Source material:
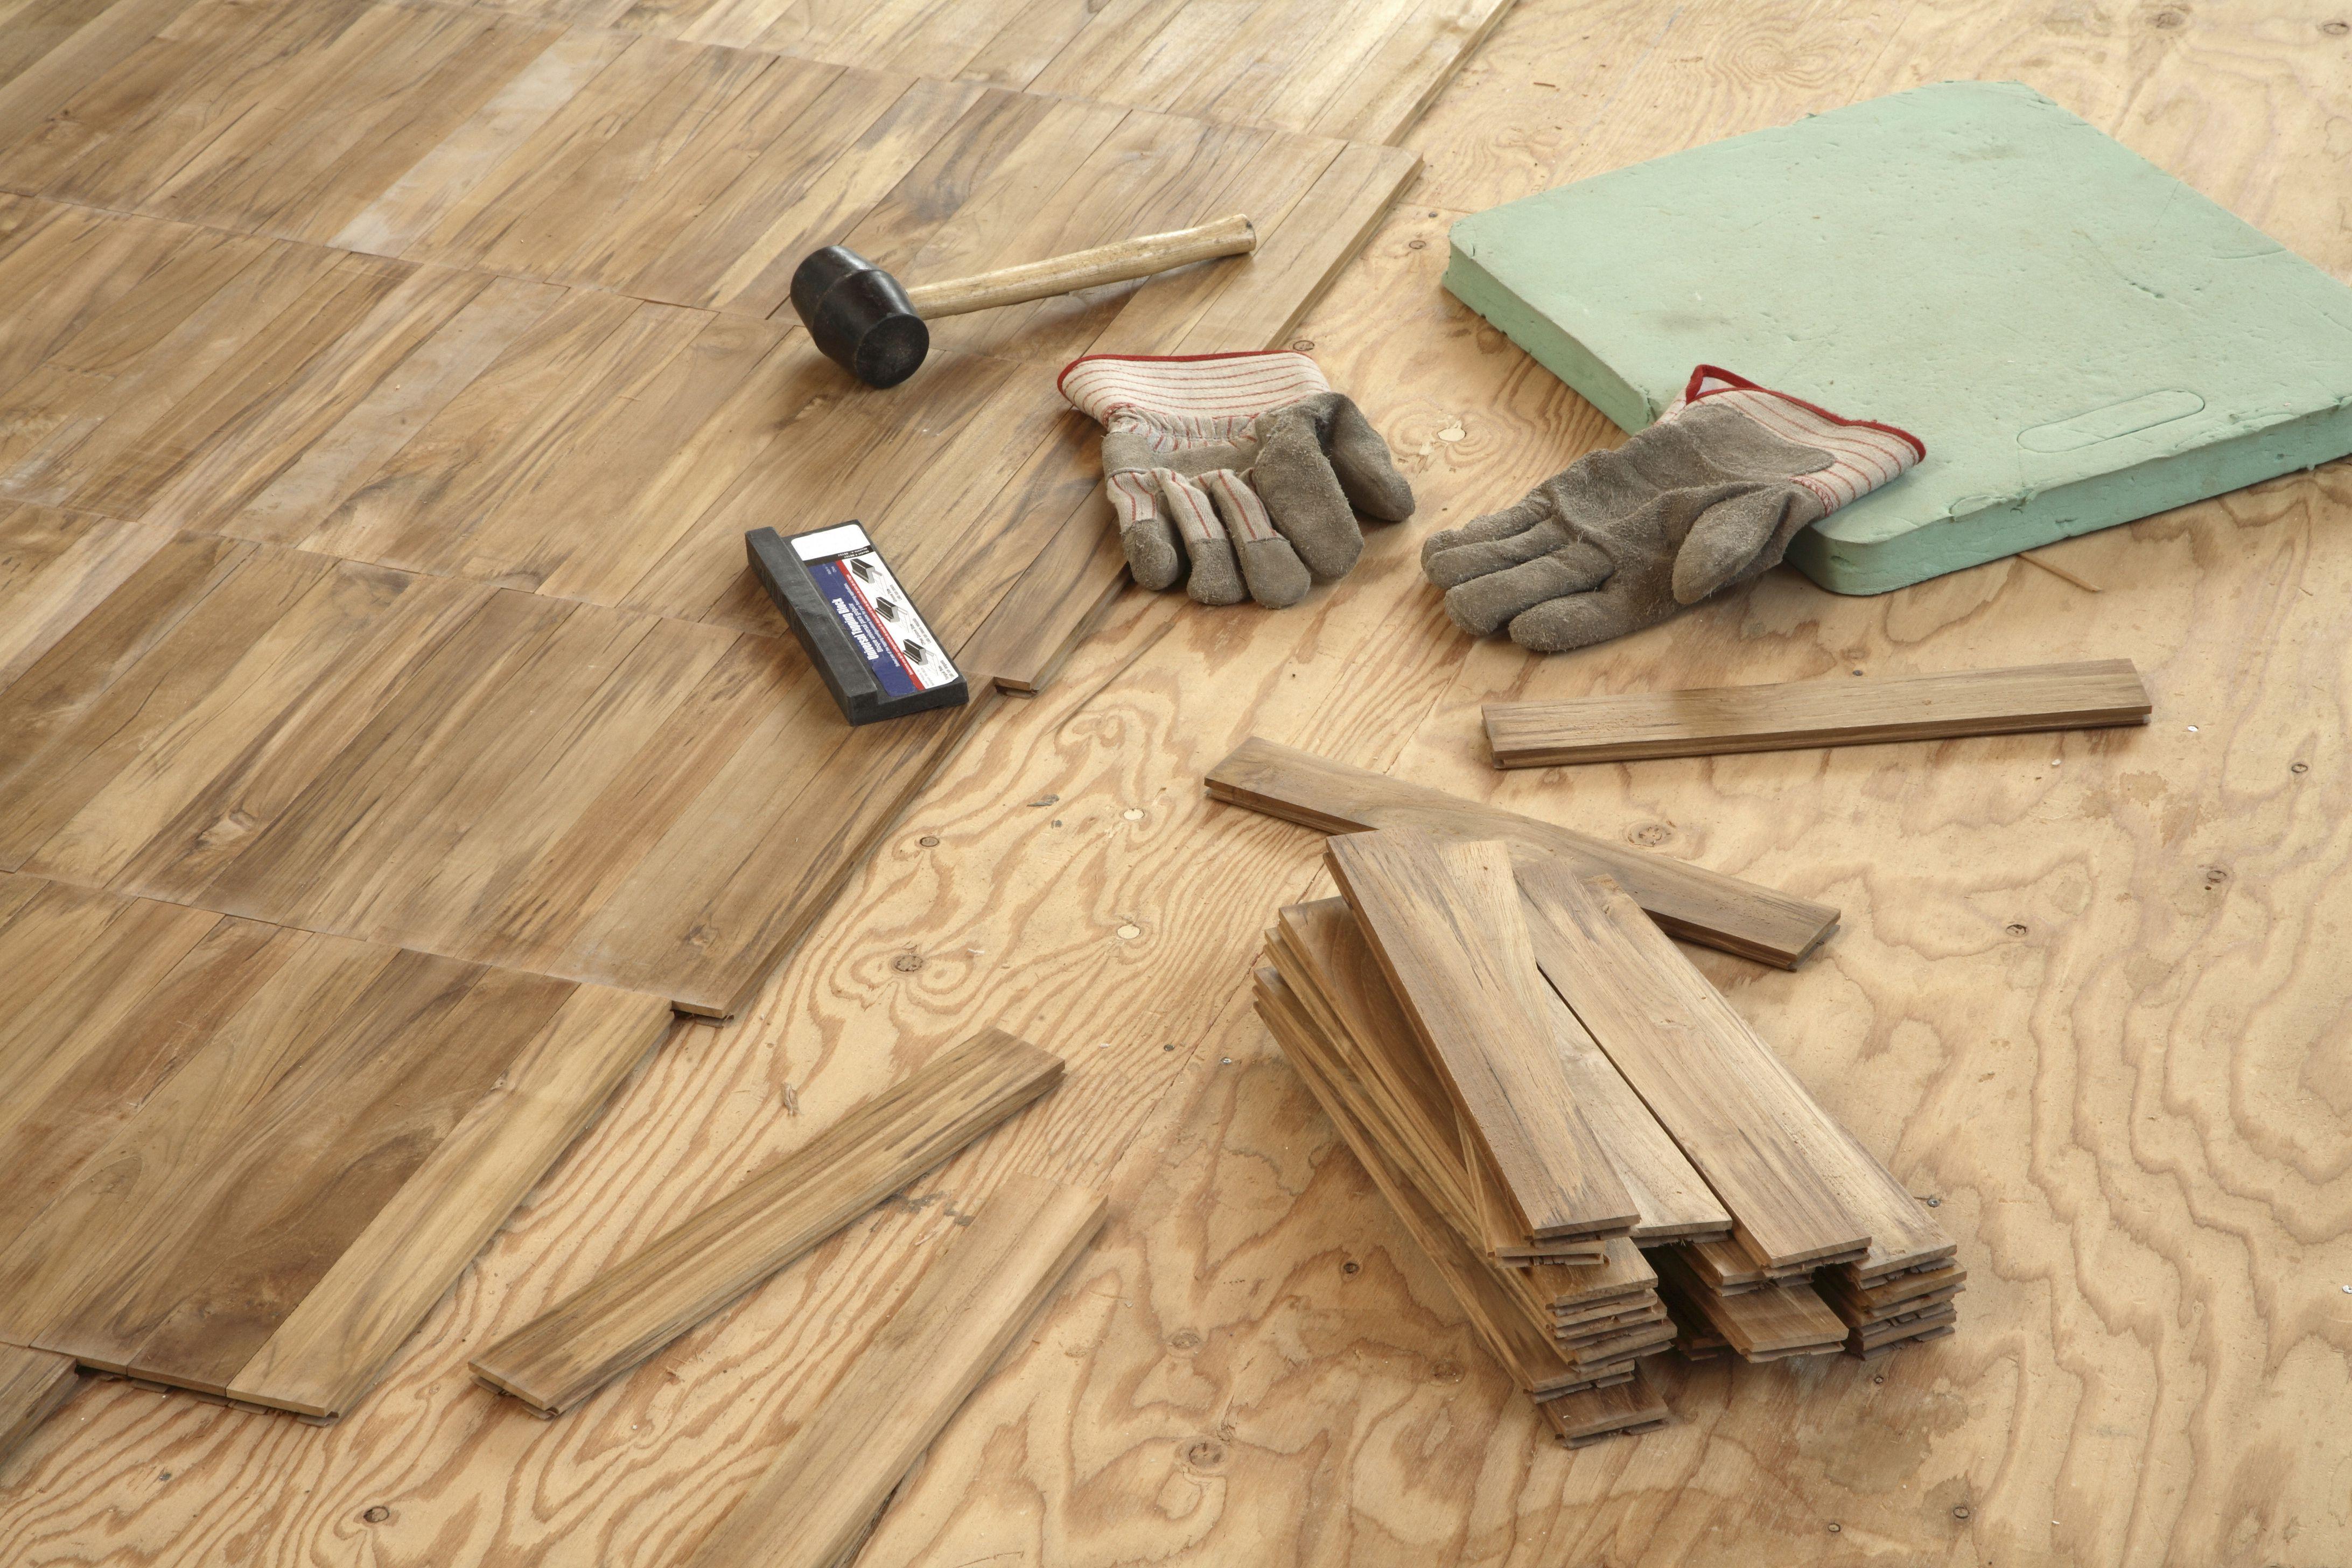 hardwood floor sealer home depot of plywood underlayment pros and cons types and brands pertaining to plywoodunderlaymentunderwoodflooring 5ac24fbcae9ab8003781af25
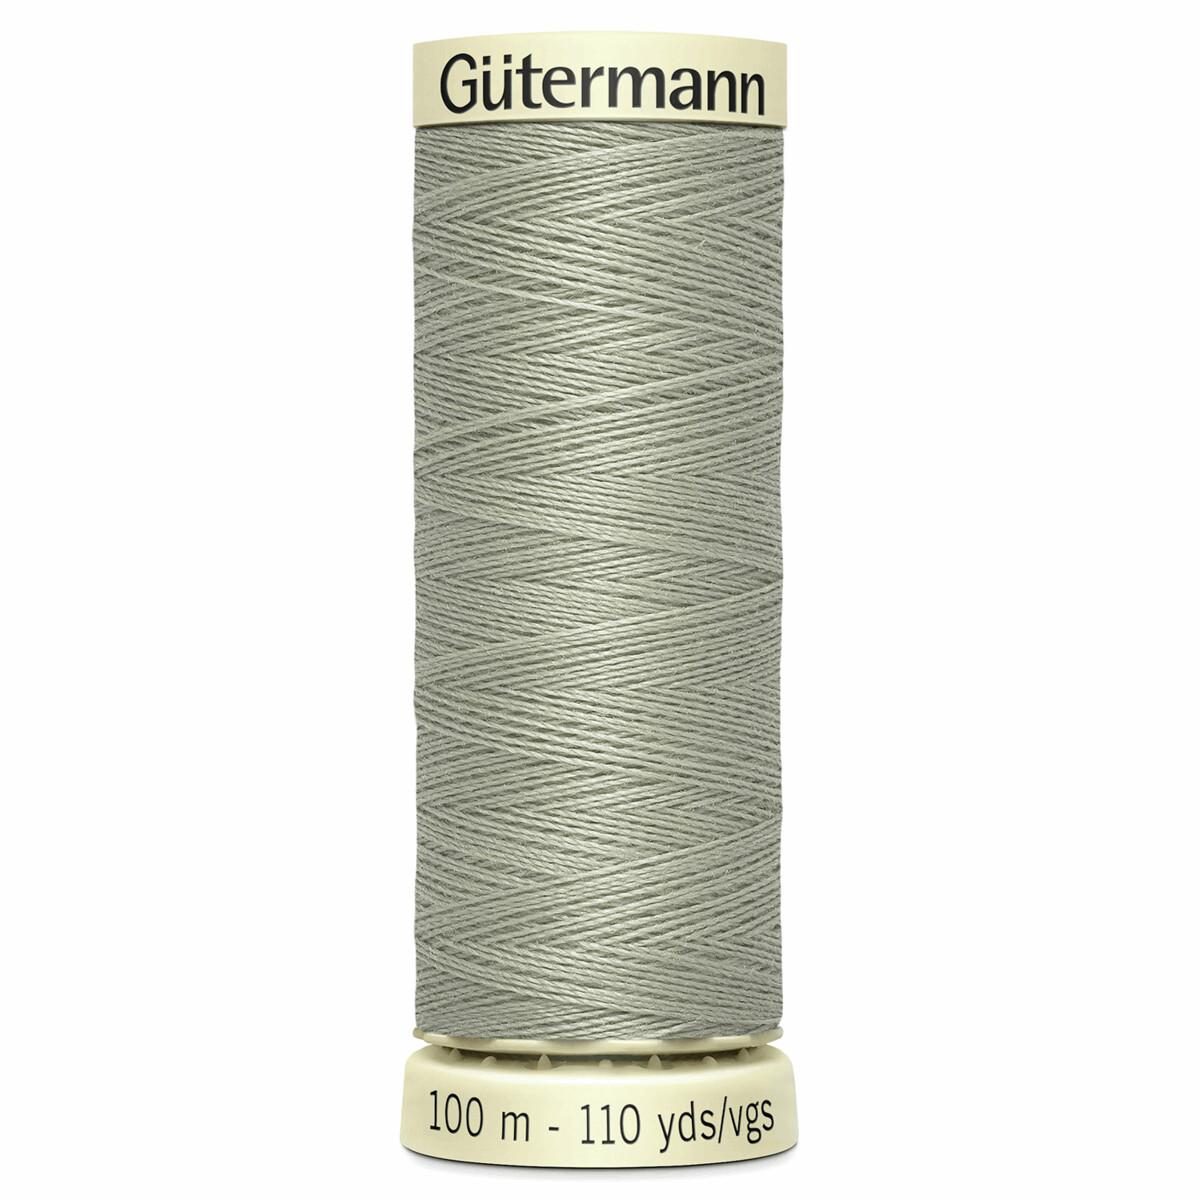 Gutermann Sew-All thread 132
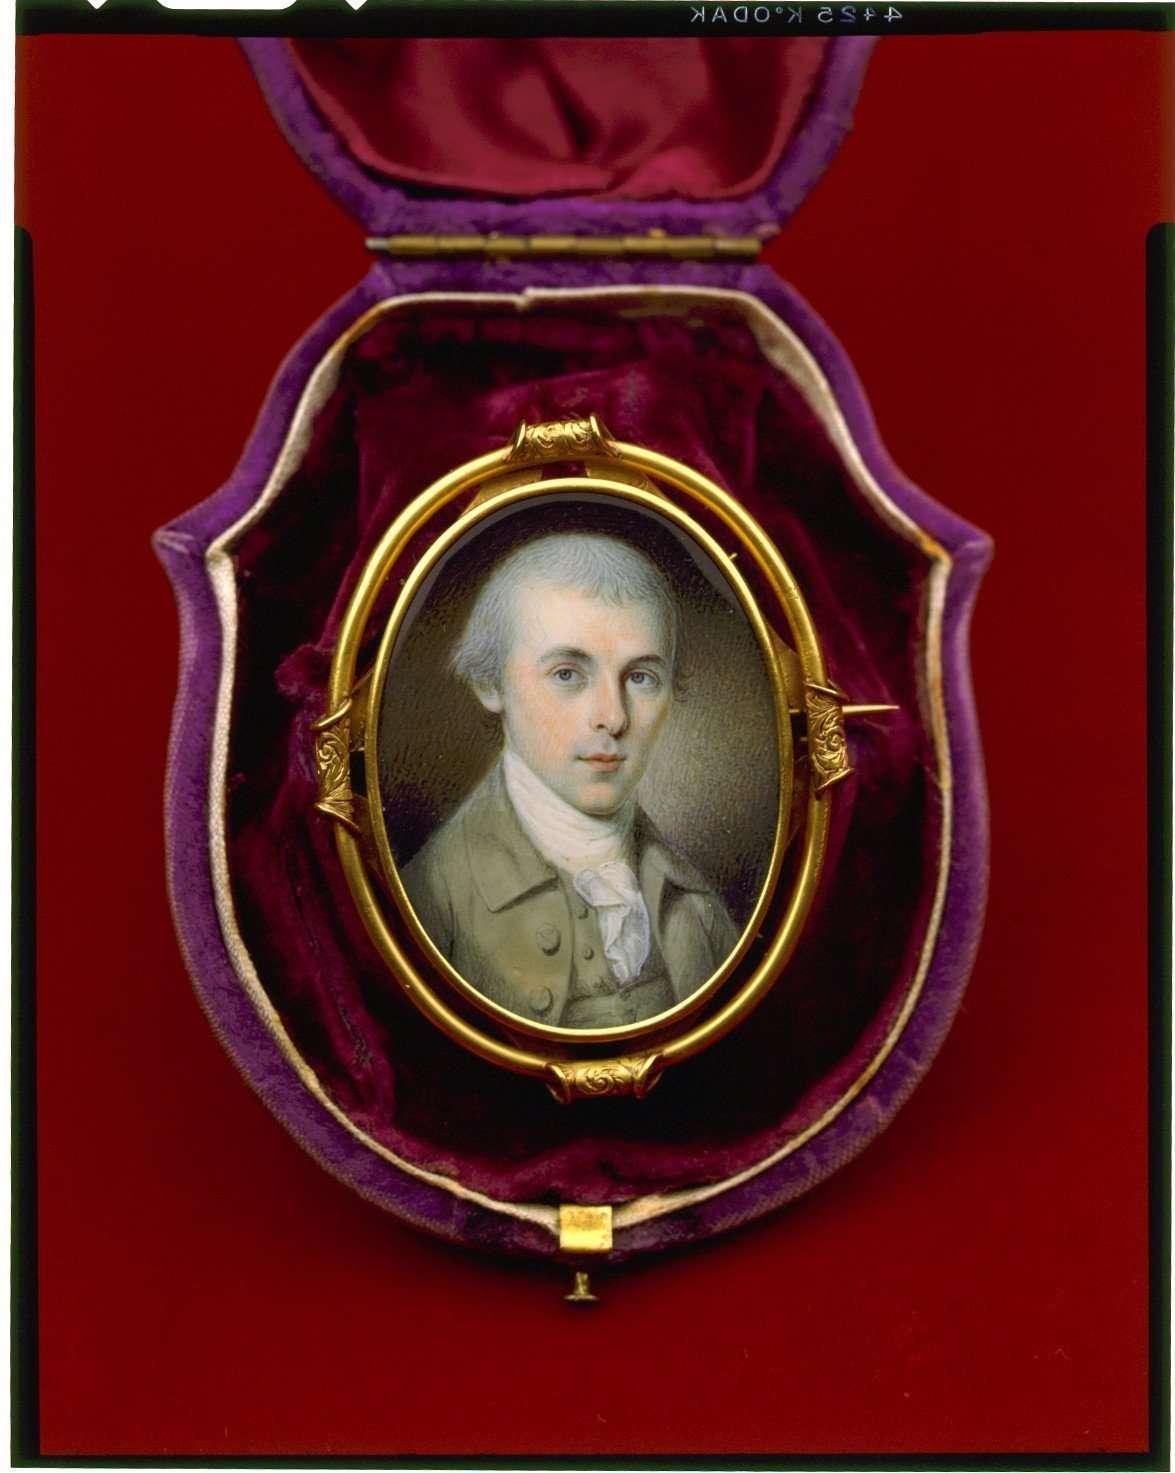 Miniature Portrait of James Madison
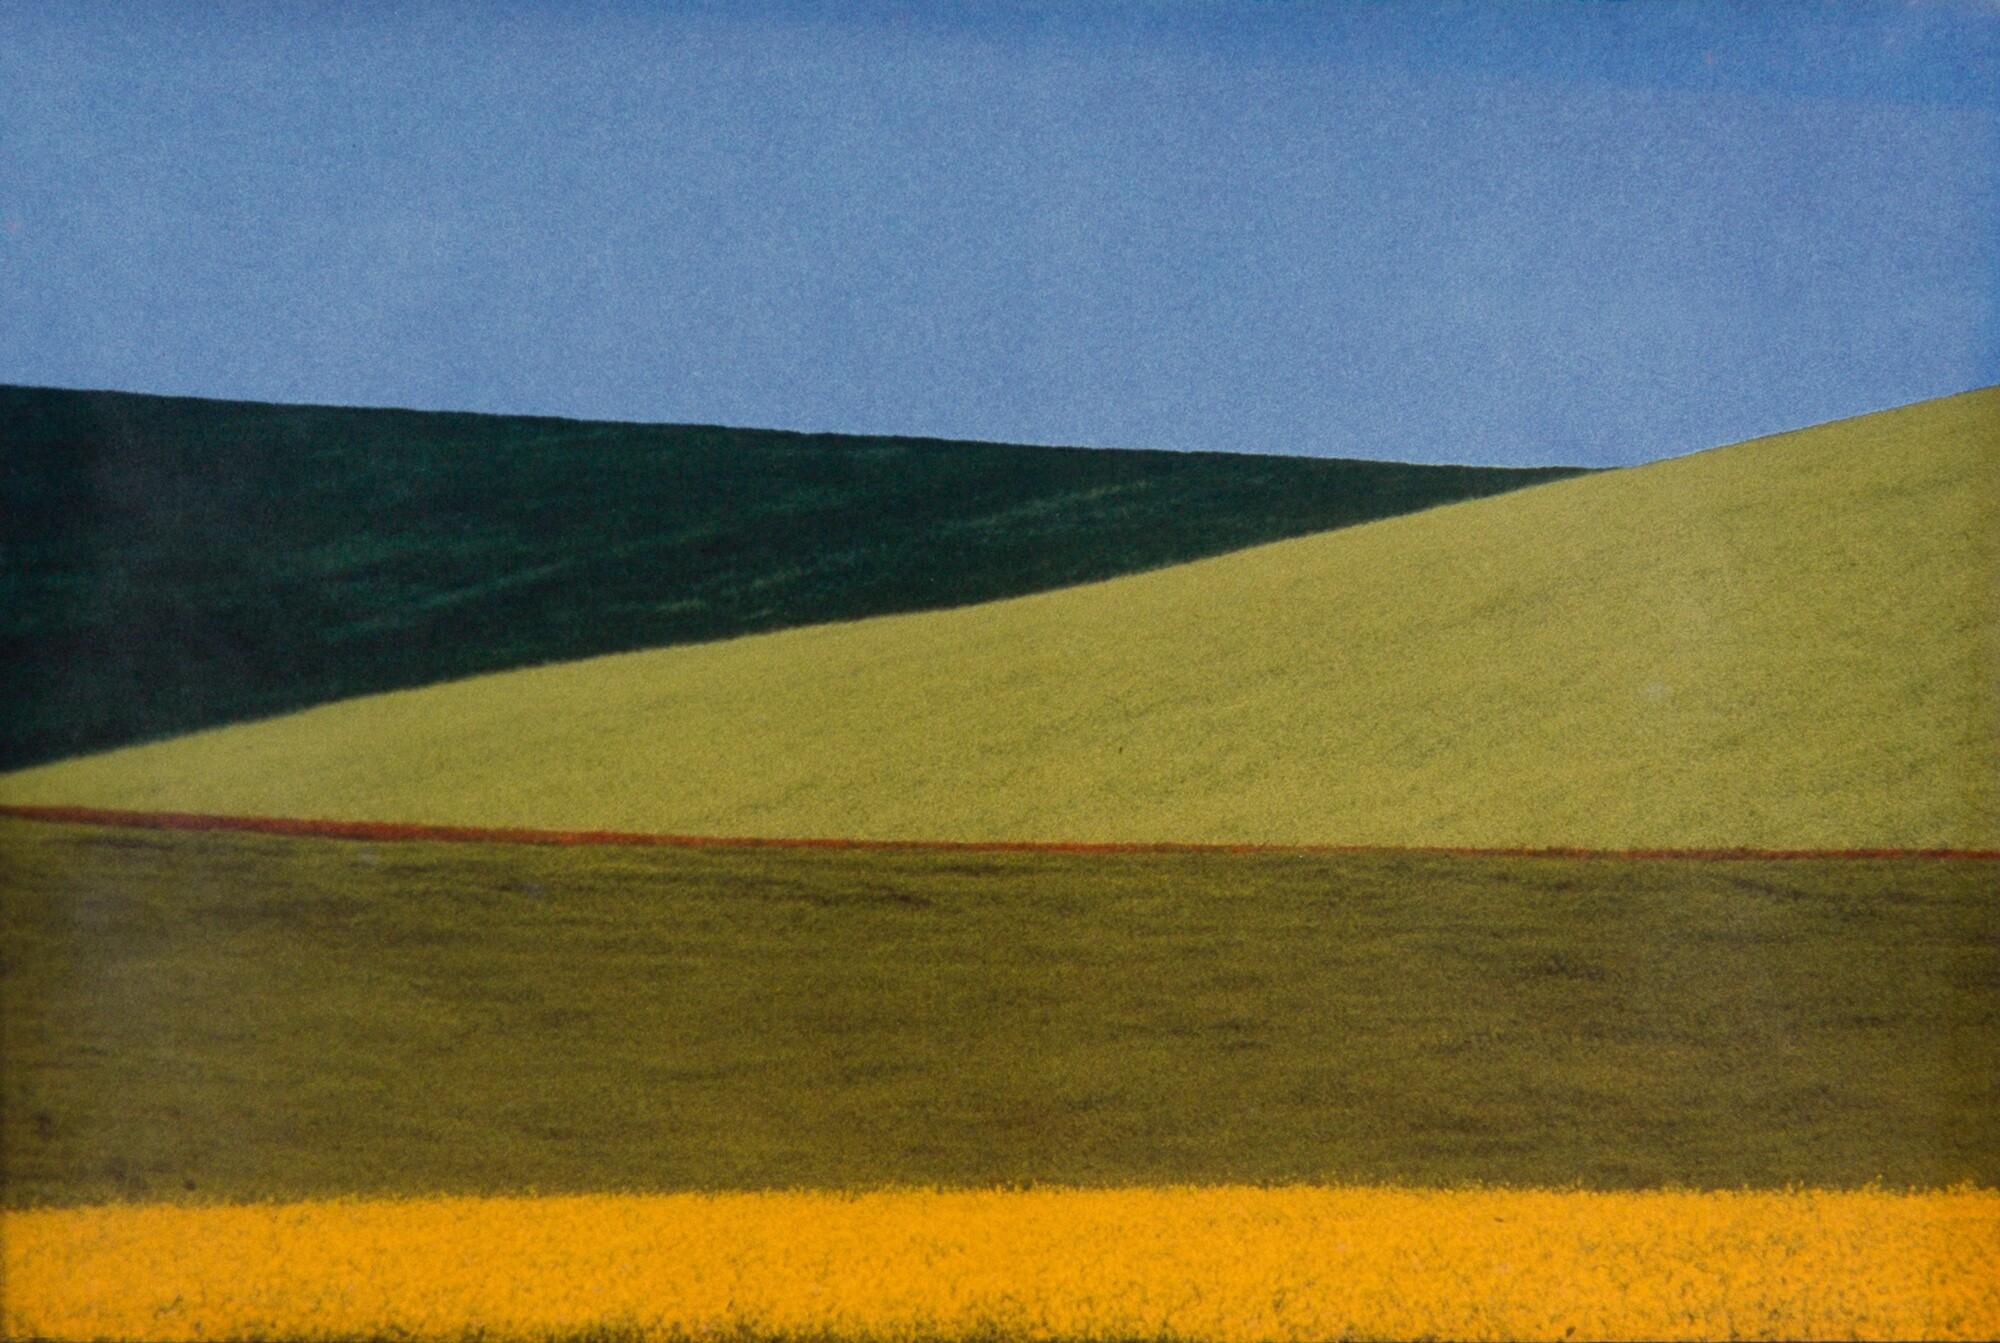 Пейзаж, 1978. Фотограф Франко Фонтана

Work instructions:
Please write out the lines above exactly, from the one that contains "Miniature Portrait of James Madison" through the final line, and include none of the pictures.

Solution for this problem:
 Miniature Portrait of James Madison
 Пейзаж, 1978. Фотограф Франко Фонтана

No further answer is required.